As described above, the present invention integrates the detection results of the visual sensing unit, the wrist sensing unit, and the hand sensing unit to control the sensor, changing the type of sensor, and applying a new algorithm, a sensor required and used in the upper arm wearable suit. The number and purchase cost are reduced, and the effect of reducing the wearer's objection is provided.

In addition, by further providing a finger sensing unit, it is mounted on a finger and provides an effect of providing information on the movement and driving of the upper extremity wearable robot based on changes in the gripping state and the extension state of the finger.

In addition, in order to provide satisfactory performance while solving the disadvantages of the conventionally used torque sensor, EMG (Electromyography) sensor, and EEG (Electroencephalography) sensor, an acceleration sensor, a stretch sensor, and a vision sensor (Eye-tracking) are used. It provides the effect of grasping the intention of the wearer using gaze and posture rather than relying solely on force.

In addition, it is a technique to be applied to a wearable suit for heavy cargo carriers, and has the advantage of being fused with tools commonly used in the field, such as glasses type, wristband type, and gloves, and thus provides the effect of reducing rejection.

In addition, there is no need for a separate mechanism frame for fixing the sensor, and since there are many wireless sensors used, inconvenient problems such as wire kinking do not occur, and the purchase cost is reduced, providing the effect of being widely distributed in the field.

1 is a block diagram showing an intention detecting device of an upper extremity wearable robot according to an embodiment of the present invention.
2 is a block diagram illustrating an intention detection device of an upper extremity wearable robot according to an embodiment of the present invention.
3 is a flowchart illustrating an operation state of an intention detecting device of an upper extremity wearable robot according to an embodiment of the present invention.

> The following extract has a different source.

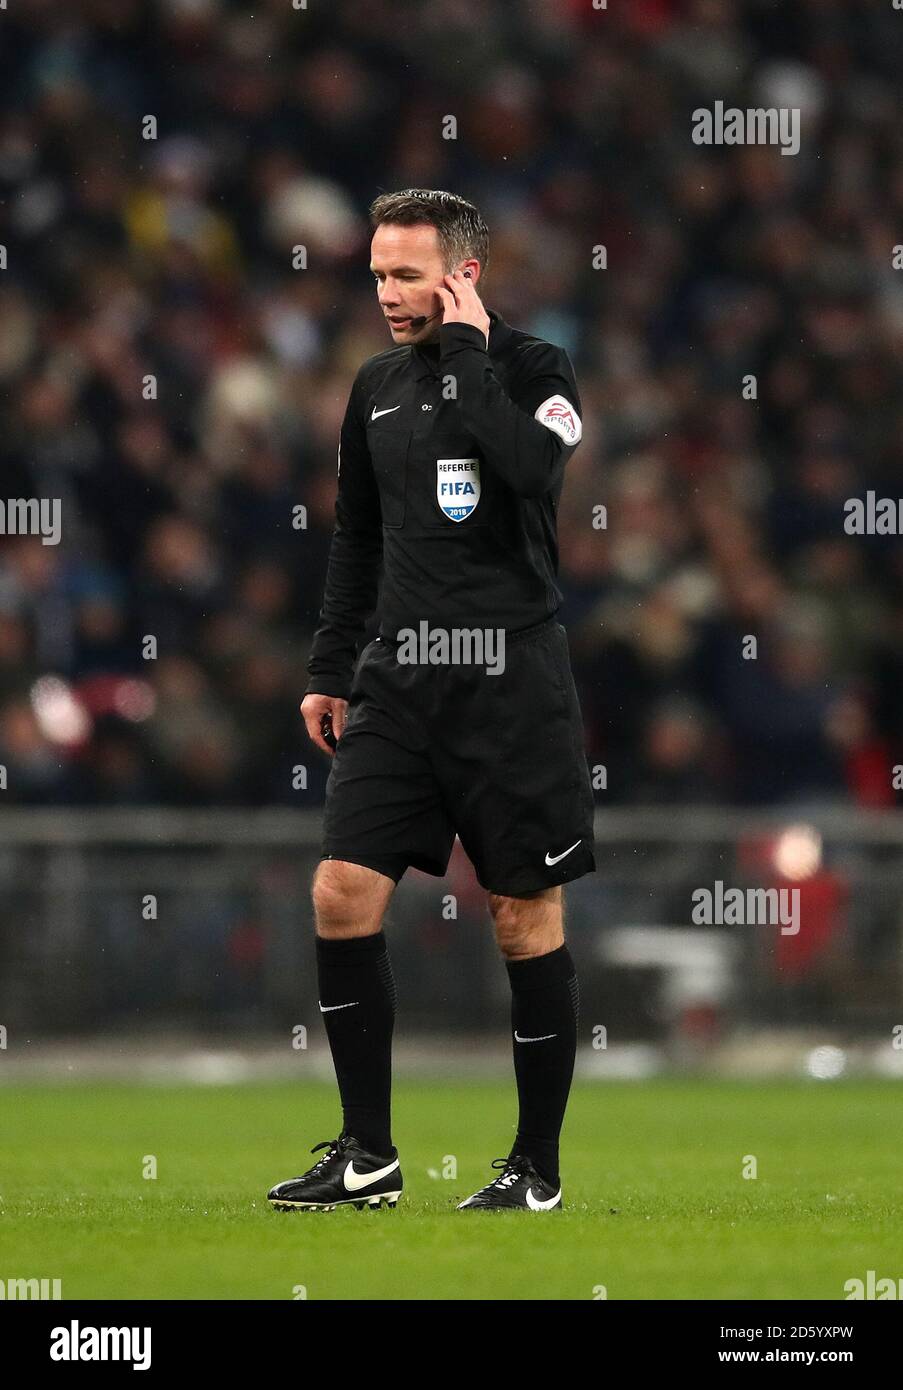 Match referee Paul Tierney uses the Video Assistant Referee system to declare Tottenham Hotspur's Erik Lamela's goal disallowed Stock Photo

Hereinafter, a preferred embodiment of the present invention will be described in more detail with reference to the accompanying drawings.

1 is a block diagram showing an intention detecting device of an upper extremity wearable robot according to an embodiment of the present invention, FIG. 2 is a block diagram showing an intention detecting device of an upper extremity wearable robot according to an embodiment of the present invention; is a flow chart showing the operation state of the intention detection device of the upper extremity wearable robot according to an embodiment of the present invention.

As shown in FIGS. 1 to 2 , the device for detecting the intention of the upper extremity wearable robot according to the present embodiment includes a visual sensing unit 10, a wrist sensing unit 20, a hand sensing unit 30, a control unit 40, It is an intention detecting device of the upper extremity wearable robot that includes the finger sensing unit 50 and detects the intention of the user of the upper extremity wearable robot.

The visual sensing unit 10 is installed in the user's eye region and is a sensing means for sensing the user's vision, and consists of a vision sensor such as an eye tracker that detects and recognizes the coordinates of an image and focus of an object. .

Since the visual sensing unit 10 detects an object according to the user's time and outputs the distance to the object, the distance to the place, and the focus confirmation coordinates, the focus can be confirmed based on the detected distance to the object be able to

The wrist sensing unit 20 is installed on the user's wrist and is a sensing means for detecting the movement of the wrist, and includes an angular velocity sensor such as an Inertial Measurement Unit (IMU) to detect the rotational motion of the wrist.

Since the wrist sensor 20 senses the movement of the wrist and outputs the angle of the wrist, information on the movement and driving of the upper extremity wearable robot is provided based on the change in the angle of the wrist.

The hand sensing unit 30 is installed in the user's hand region and is a sensing means for detecting the movement of the hand, and a glove sensor such as a stretch sensor to sense the tension and compression of the hand to detect the degree of bending of the hand. consists of

Since the hand sensing unit 30 detects the movement of the hand and outputs the degree of bending of the hand, it is mounted on the hand and provides information on the movement and driving of the upper extremity wearable robot based on the change in the degree of bending of the hand. do.

The control unit 40 is respectively connected to the visual sensing unit 10, the wrist sensing unit 20, and the hand sensing unit 30, and based on the result of identifying the user's intention by integrating the respective sensing results, the upper extremity wearable robot As a control means for controlling the , the visual sensing unit 10, the wrist sensing unit 20, and the hand sensing unit 30 are in contact with each other using a wired communication function or a wireless communication function to transmit sensing information.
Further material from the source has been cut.